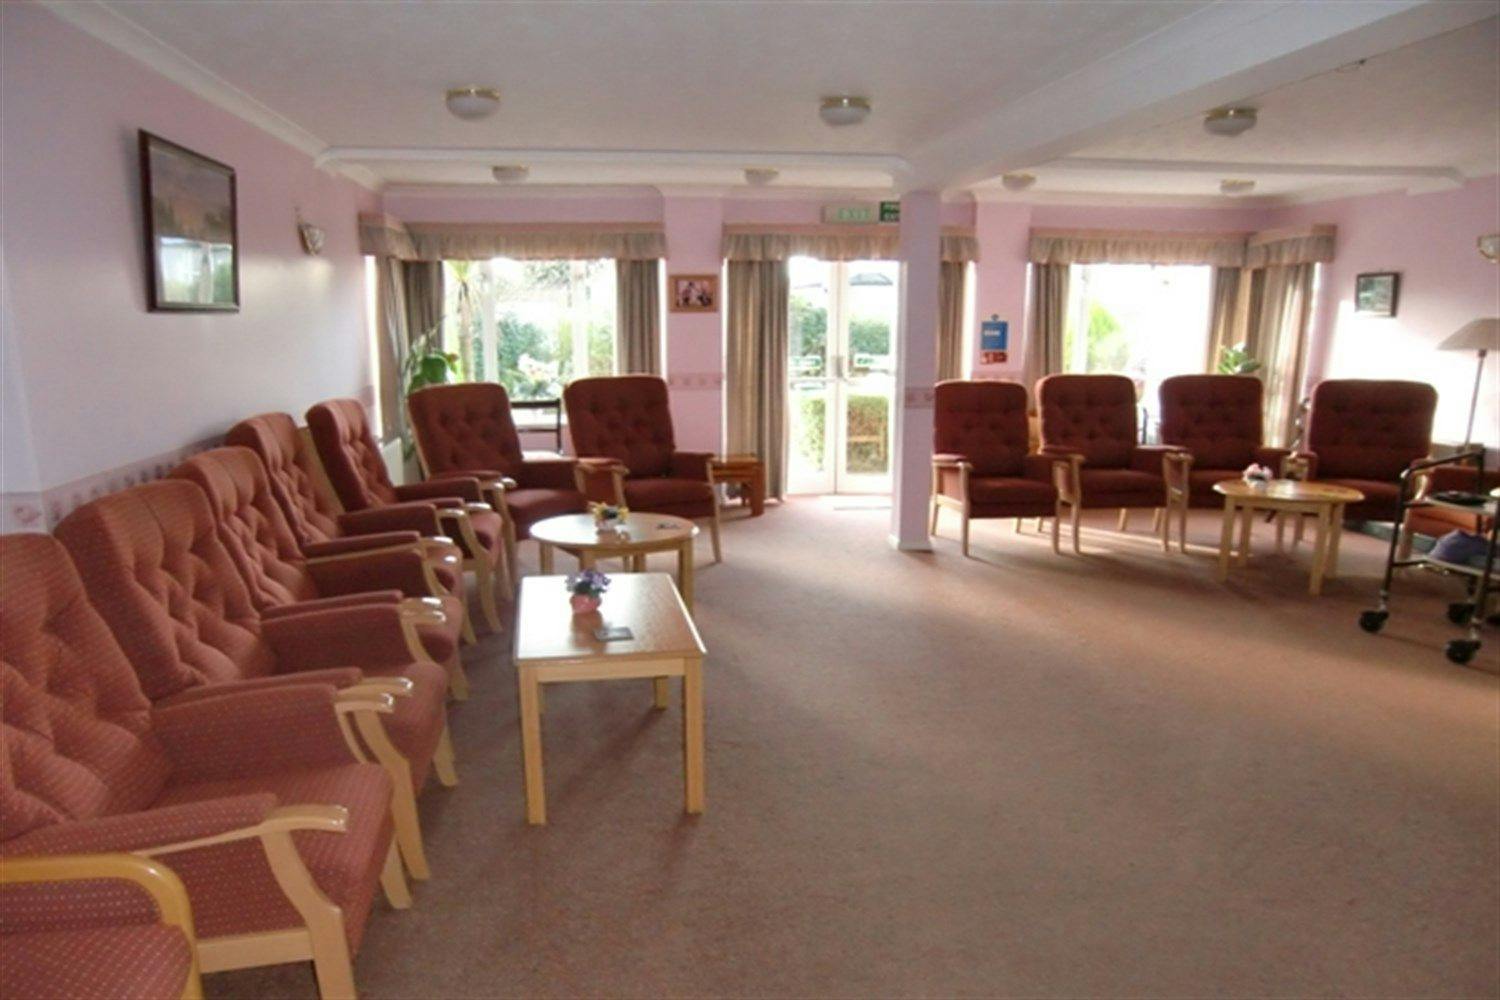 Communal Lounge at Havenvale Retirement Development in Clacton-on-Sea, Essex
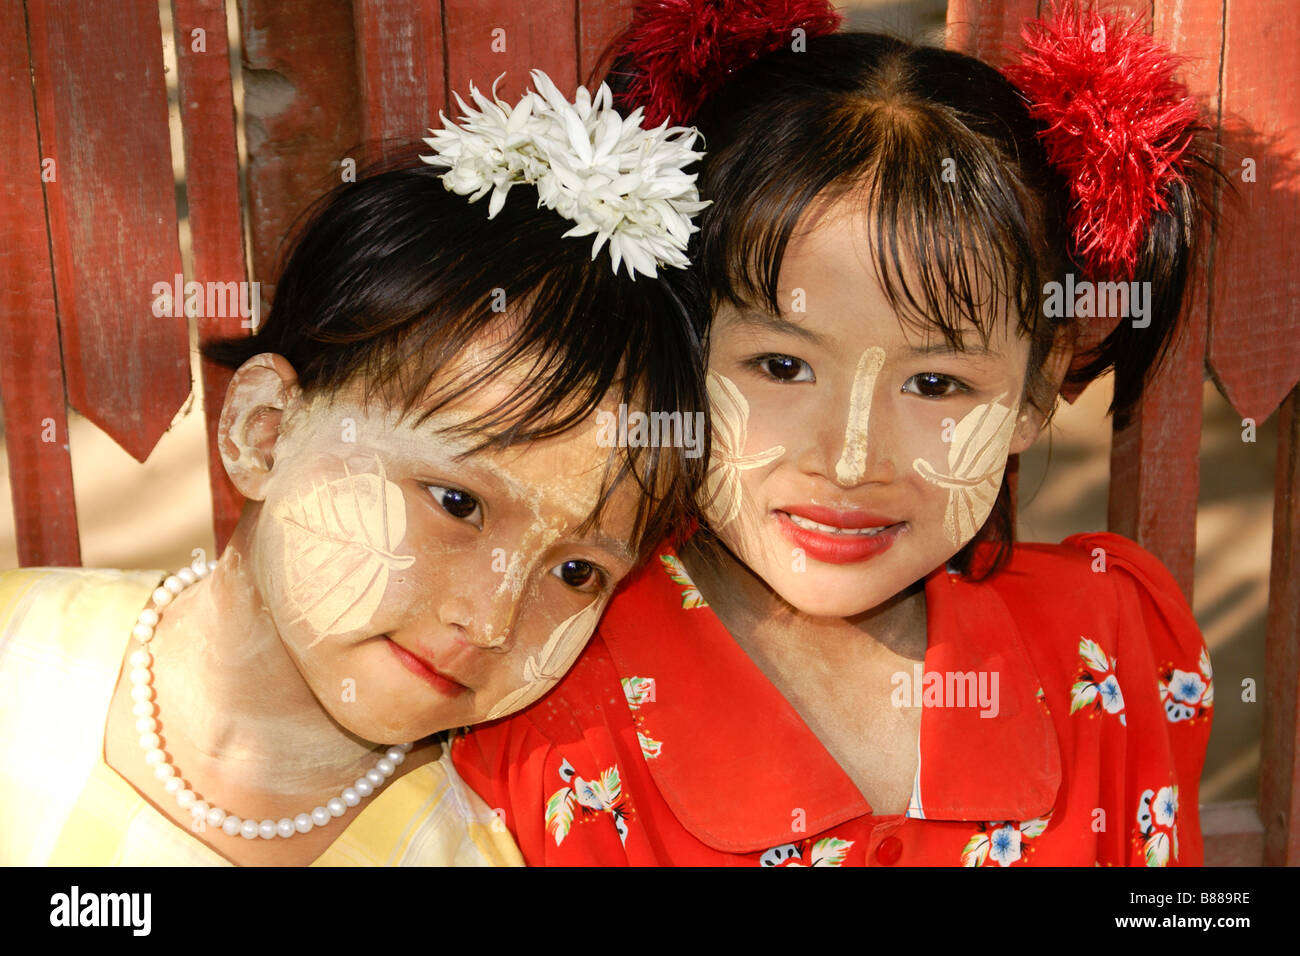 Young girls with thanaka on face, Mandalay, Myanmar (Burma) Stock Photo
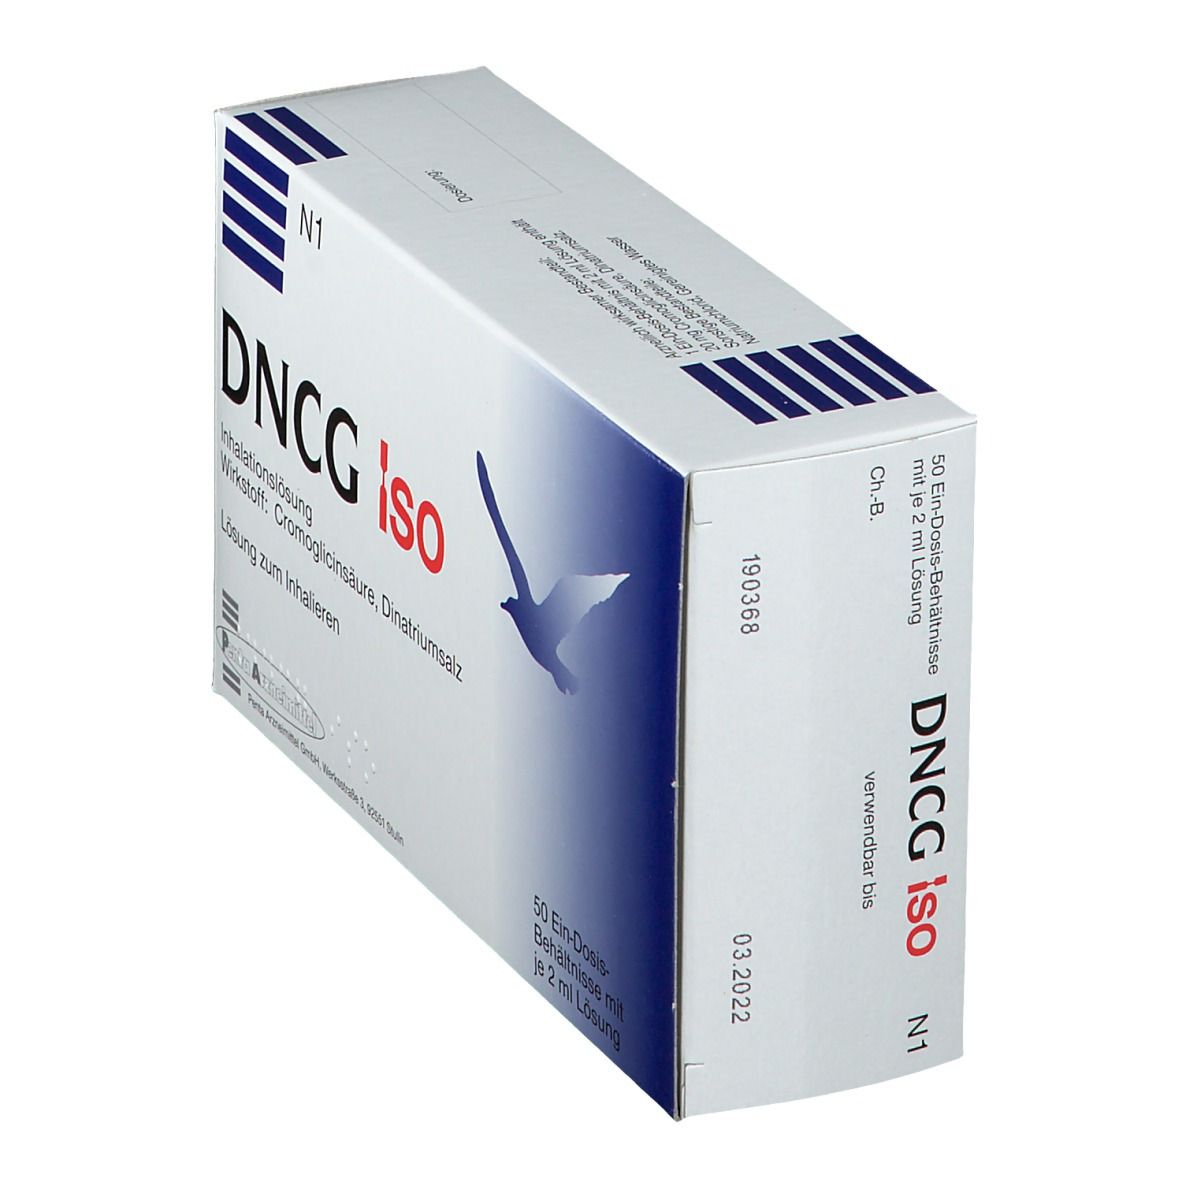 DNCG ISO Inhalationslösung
--------
**YOUR GOAL**
Every line of the data above should be quoted exactly. Omit the pictures.

**OUTPUT BELOW**
 Communal Lounge at Havenvale Retirement Development in Clacton-on-Sea, Essex
 Young girls with thanaka on face, Mandalay, Myanmar (Burma) Stock Photo
 DNCG ISO Inhalationslösung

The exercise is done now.